EXERCISE BRIEF — The lines to repeat are those below from the one containing "تأثیر اسید آمینه" down to the one containing "Best Bi-Color Rose Petals", both included; reproduce them exactly and nothing else.

PROVIDED ENTRIES —
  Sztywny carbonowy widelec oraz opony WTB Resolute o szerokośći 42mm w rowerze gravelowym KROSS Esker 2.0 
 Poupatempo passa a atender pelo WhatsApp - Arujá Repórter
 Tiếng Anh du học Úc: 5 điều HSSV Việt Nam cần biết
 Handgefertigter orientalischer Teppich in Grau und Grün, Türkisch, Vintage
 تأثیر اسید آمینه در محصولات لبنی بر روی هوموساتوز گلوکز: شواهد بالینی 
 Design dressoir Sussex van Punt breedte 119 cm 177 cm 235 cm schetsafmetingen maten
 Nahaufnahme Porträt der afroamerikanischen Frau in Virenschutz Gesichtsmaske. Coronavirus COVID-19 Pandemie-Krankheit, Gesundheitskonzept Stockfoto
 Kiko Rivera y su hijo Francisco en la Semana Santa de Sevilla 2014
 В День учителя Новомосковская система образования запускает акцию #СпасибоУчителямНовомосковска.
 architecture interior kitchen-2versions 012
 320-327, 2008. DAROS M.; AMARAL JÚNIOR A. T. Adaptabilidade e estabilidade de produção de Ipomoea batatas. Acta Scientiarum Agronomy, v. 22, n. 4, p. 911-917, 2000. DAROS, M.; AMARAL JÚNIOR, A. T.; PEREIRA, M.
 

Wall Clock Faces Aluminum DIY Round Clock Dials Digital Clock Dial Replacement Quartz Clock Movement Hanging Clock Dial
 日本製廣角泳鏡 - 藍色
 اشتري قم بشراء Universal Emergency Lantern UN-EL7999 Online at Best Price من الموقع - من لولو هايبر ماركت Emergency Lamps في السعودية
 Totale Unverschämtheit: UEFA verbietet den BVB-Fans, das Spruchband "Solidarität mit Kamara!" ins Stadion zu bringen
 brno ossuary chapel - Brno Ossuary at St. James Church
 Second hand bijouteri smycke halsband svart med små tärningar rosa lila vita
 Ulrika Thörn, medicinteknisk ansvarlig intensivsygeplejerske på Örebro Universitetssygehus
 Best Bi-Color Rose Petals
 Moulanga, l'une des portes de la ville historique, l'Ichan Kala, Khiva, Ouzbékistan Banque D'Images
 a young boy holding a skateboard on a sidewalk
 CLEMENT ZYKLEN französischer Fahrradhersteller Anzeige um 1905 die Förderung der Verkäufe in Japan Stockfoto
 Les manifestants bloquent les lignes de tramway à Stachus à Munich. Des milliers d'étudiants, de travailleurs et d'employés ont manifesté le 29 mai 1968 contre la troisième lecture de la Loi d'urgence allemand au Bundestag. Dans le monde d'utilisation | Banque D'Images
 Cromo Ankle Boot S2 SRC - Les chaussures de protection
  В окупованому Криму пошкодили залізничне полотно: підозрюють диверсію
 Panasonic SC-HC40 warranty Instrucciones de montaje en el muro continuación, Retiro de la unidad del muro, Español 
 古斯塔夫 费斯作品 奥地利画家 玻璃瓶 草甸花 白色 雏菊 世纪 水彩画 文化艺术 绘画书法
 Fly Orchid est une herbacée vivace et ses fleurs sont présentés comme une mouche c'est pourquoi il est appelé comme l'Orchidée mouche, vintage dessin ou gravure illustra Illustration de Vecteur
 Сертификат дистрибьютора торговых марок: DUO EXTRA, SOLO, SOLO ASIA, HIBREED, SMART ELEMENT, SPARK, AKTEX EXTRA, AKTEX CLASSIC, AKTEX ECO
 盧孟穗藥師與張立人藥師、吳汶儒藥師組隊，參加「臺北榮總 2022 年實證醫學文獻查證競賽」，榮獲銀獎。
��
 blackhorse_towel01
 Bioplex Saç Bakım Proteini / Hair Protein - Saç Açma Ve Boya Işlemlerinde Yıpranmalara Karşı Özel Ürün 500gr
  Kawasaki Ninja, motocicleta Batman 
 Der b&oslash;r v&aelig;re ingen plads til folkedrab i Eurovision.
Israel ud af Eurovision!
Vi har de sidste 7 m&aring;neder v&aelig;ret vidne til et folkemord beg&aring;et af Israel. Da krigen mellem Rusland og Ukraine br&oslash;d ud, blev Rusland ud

TASK RESPONSE —
 تأثیر اسید آمینه در محصولات لبنی بر روی هوموساتوز گلوکز: شواهد بالینی 
 Design dressoir Sussex van Punt breedte 119 cm 177 cm 235 cm schetsafmetingen maten
 Nahaufnahme Porträt der afroamerikanischen Frau in Virenschutz Gesichtsmaske. Coronavirus COVID-19 Pandemie-Krankheit, Gesundheitskonzept Stockfoto
 Kiko Rivera y su hijo Francisco en la Semana Santa de Sevilla 2014
 В День учителя Новомосковская система образования запускает акцию #СпасибоУчителямНовомосковска.
 architecture interior kitchen-2versions 012
 320-327, 2008. DAROS M.; AMARAL JÚNIOR A. T. Adaptabilidade e estabilidade de produção de Ipomoea batatas. Acta Scientiarum Agronomy, v. 22, n. 4, p. 911-917, 2000. DAROS, M.; AMARAL JÚNIOR, A. T.; PEREIRA, M.
 

Wall Clock Faces Aluminum DIY Round Clock Dials Digital Clock Dial Replacement Quartz Clock Movement Hanging Clock Dial
 日本製廣角泳鏡 - 藍色
 اشتري قم بشراء Universal Emergency Lantern UN-EL7999 Online at Best Price من الموقع - من لولو هايبر ماركت Emergency Lamps في السعودية
 Totale Unverschämtheit: UEFA verbietet den BVB-Fans, das Spruchband "Solidarität mit Kamara!" ins Stadion zu bringen
 brno ossuary chapel - Brno Ossuary at St. James Church
 Second hand bijouteri smycke halsband svart med små tärningar rosa lila vita
 Ulrika Thörn, medicinteknisk ansvarlig intensivsygeplejerske på Örebro Universitetssygehus
 Best Bi-Color Rose Petals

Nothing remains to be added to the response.